Jadi, pada saat xanthorrhizolheksan dimasukkan dari atas dengan cara mengalirkan ke bawah, xanthorrhizol akan terperangkap di dalam rongga-rongga tersebut. Setiap 30 menit harus ada kontrol untuk melihat apakah ada xanthorrhizol yang lolos dari rongga tersebut. “Kalau sampai lolos berarti ada kolom yang nggak benar. Mungkin alirannya terlalu cepat atau mungkin resinnya kurang padat,” ulas pria asli Tegal, Jawa Tengah, ini.
Selanjutnya, xanthorrhizol yang terperangkap dalam lubang digelontor dengan etanol. Pada saat digelontor, konsentrasi xanthorrhizol akan meningkat menjadi 70%.
Untuk mendapatkan xanthorrhizol berkonsentrasi 90%, maka harus dilakukan purifikasi lagi dengan cara yang sama tetapi menggunakan resin berbeda. “Hasilnya akan lebih terkonsentrasi hingga mencapai 90%,” tutur lelaki yang sejak kecil tinggal di luar negeri ini.
Memang, ungkap Junius, tidak selamanya hasil ekstrasi yang dilakukan bisa mendapatkan konsentrasi xanthorrhizol tepat 90%. “Ada yang konsentrasinya mencapai 96% dan kadang ada pula yang hanya 89%,” kata pecinta travelling ini. Jadi, untuk bisa mendapatkan konsentrasi 90%, dilakukan pencampuran atau homogenitas antara xanthorrhizol yang berkonsentrasi 89% dan 96% sehingga bisa mendapatkan hasilnya 91% - 92%.
Meski, proses ekstraksi yang dilakukan dengan target kadar konsentrasi mencapai 90%, Javaplant juga melayani permintaan pelanggan yang membutuhkan xanthorrhizol dengan kadar konsentrasi 50%. “Kami memasarkan sesuai permintaan pelanggan ada yang 50%, ada juga yang 90%,” katanya.

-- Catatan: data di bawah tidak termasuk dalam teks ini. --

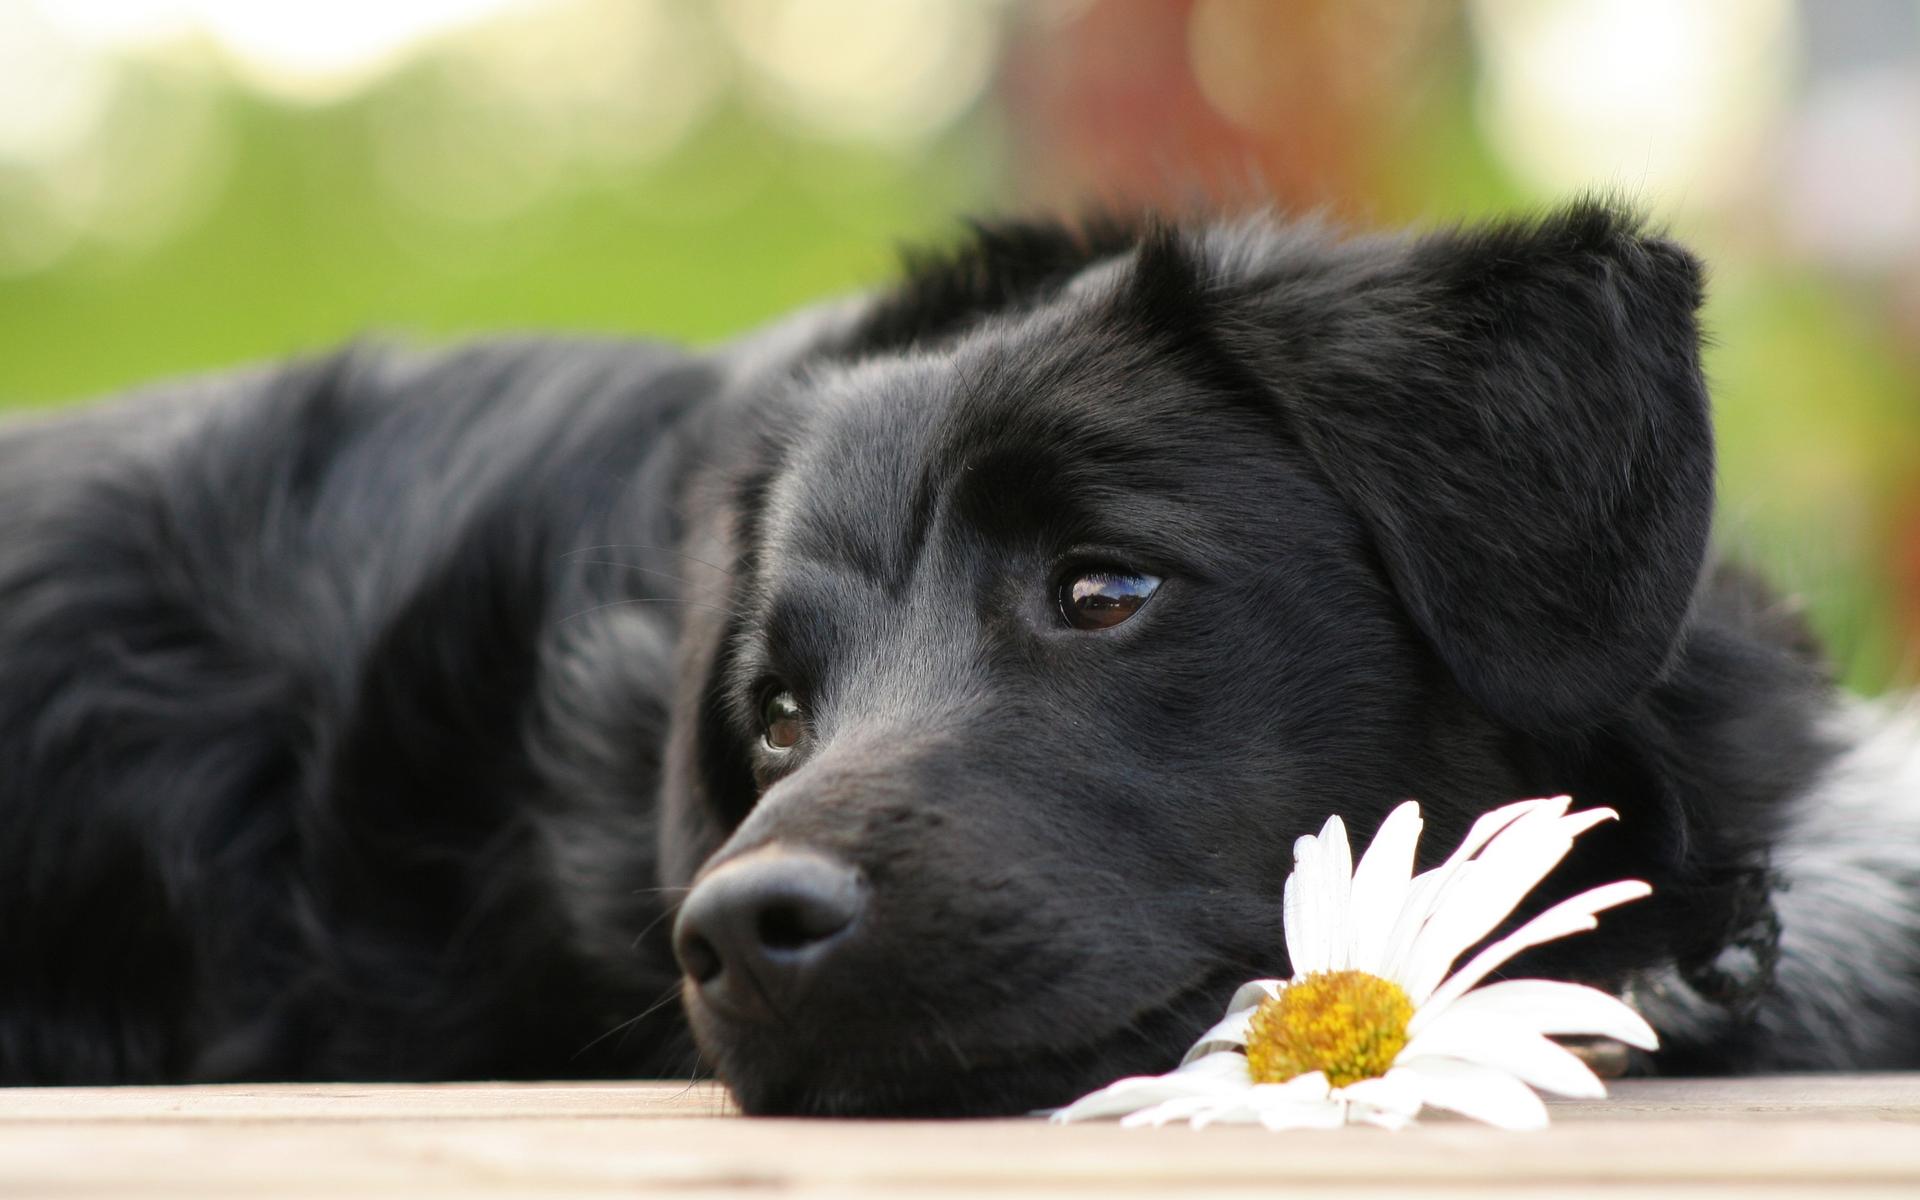 Simple Labrador Retriever Black Adorable Dog - Cute-Black-Labrador-Retriever-Innocent-Puppy-Wallpaper  Pictures_258498  .jpg

Untuk pelanggan yang membutuhkan konsentrasi 50%, Javaplant tetap melakukan ekstraksi xanthorrhizol hingga 90%. Xanthorrhizol pekat ini diproses lagi dengan menggunakan medium chain triglyceride (MCT) dari kelapa untuk menurunkan menipiskan kadar konsentrasi xanthorrhizol sampai pada kadar yang diinginkan.